Light scatter can be employed to remove debris and doubletsCellular light scatter properties are an important tool when setting up any good flow cytometry experiment, as it can help to remove events that may skew results and thus the conclusions garnished from the experiment. The gating strategy used in this experiment (Figure 1a) displays this importance with 11.8% of total events (black dots) gated out in the P1 gate which is mostly debris of low size (forward scatter). The population remaining contains both the RAW and Jurkat cell populations within them, but there are still likely clumps and doublets that may skew data, especially in experiments looking for co-expression or other double-positive events since two single positive cells may appear as a double positive event if not gated out properly. To achieve this, cells with a low ratio of forward scatter area vs height are gated out (P2, red dots). When two cells are counted as a single event, their area to height ratio will be roughly twice that of a single cell event pulling the respective dot out of the bottom of the P2 gate and disregarding it from the dataset. In the mixed population, this removes an additional 12.4% of total events captured for a total of 24.2% of events removed with 52.8% and 20.7% of events removed for RAW and Jurkat only samples respectively (Figure 1b). Removing these events makes the dataset and thus and conclusions made more robust.

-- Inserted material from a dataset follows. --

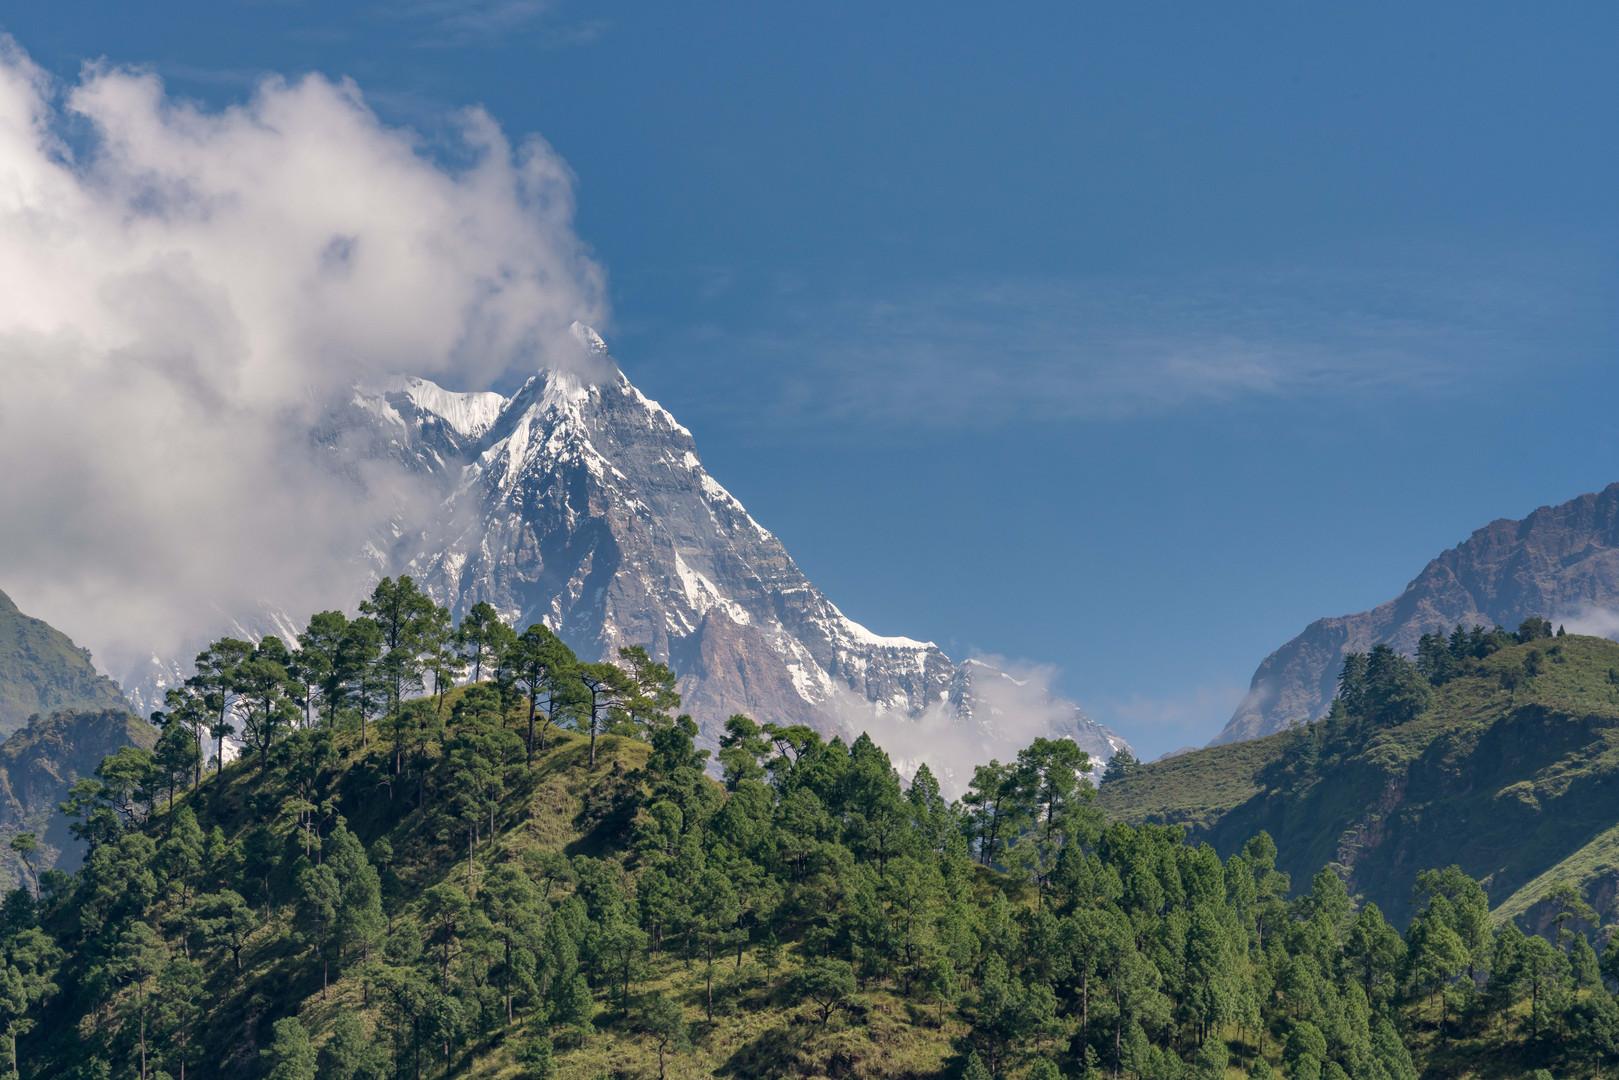 Western side of Annapurna

Figure 1. Light scatter profiles of RAW and Jurkat cell lines. a) Gating strategies on a mixed RAW and Jurkat cell population included excluding low side scatter and forward scatter events (P1 red and green). High FSC area to FSC height ratio events (red) were then excluded from this population to yield a population for final analysis (green). b) Forward and side scatter plots for post-gated RAW macrophage, Jurkat T- lymphocytes and a mixed population containing both cultures. Proportion of total captured events remaining for analysis is indicated at the top right of each plot.


Light scatter can be used to distinguish distinct cell populations
Light scatter can also be used to distinguish cell populations that are morphologically different by relative size measured by forward scatter, or relative internal complexity measured by side scatter.

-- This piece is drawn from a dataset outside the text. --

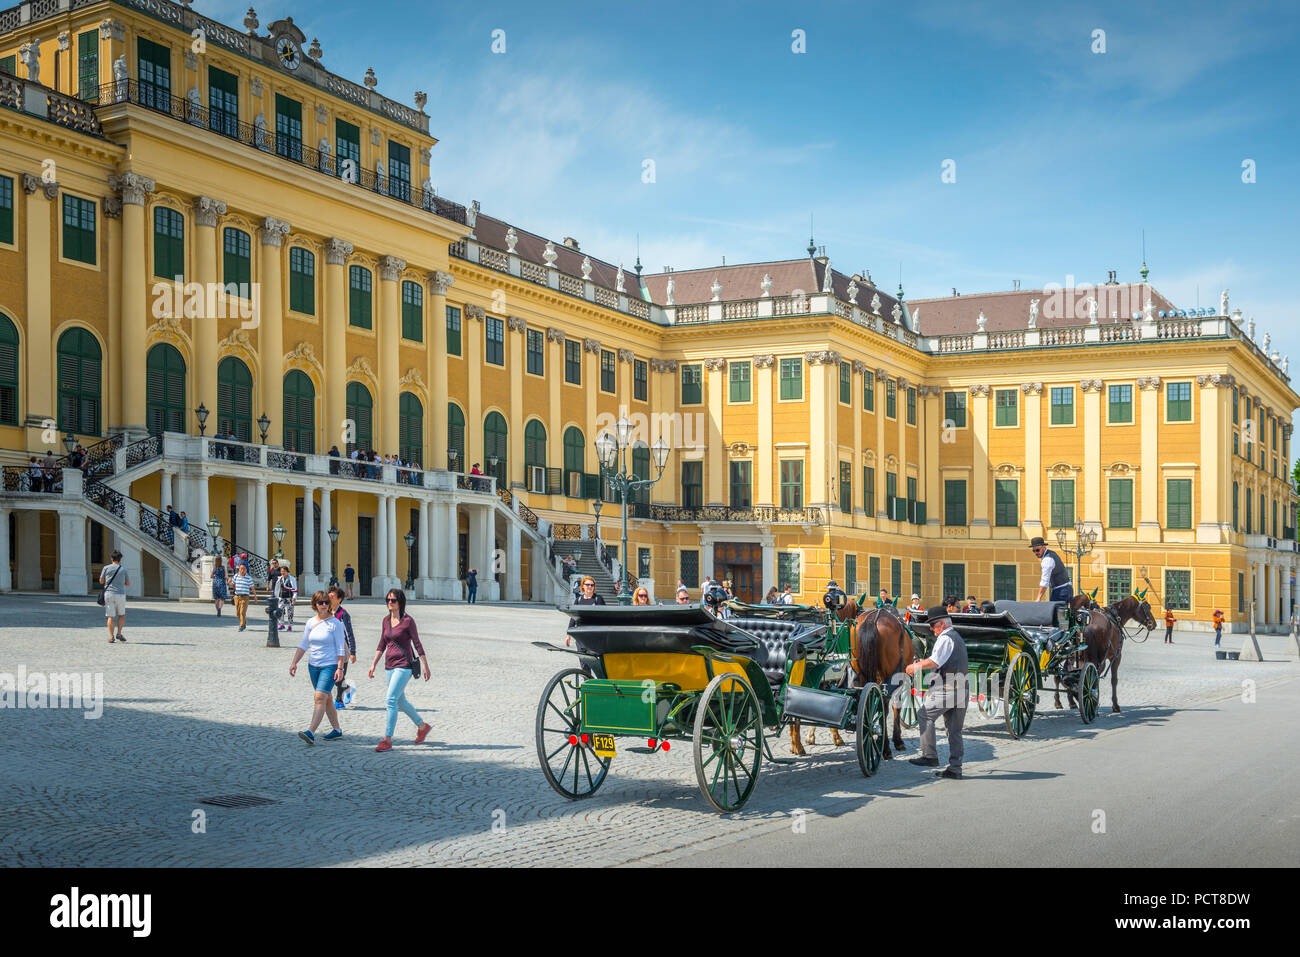 Europa, Österreich, Wien, Schloss, Palast, das Schloss Schönbrunn, Wien, Österreich, Architektur, Kapital Stockbild

We saw that the RAW macrophage sat, on average, at a lower forward scatter than the Jurkat cells indicating that they are on average smaller, although the Jurkat only population had proportion of cells that sat at the smaller range of RAW cells (figure 1b). These could be apoptotic cells and could possibly be gated out by a viability assay. Unfortunately, the use of some kind of fluorescent marker would be needed to separate these two cell populations in flow analysis because of their overlapping forward and side scatter profiles.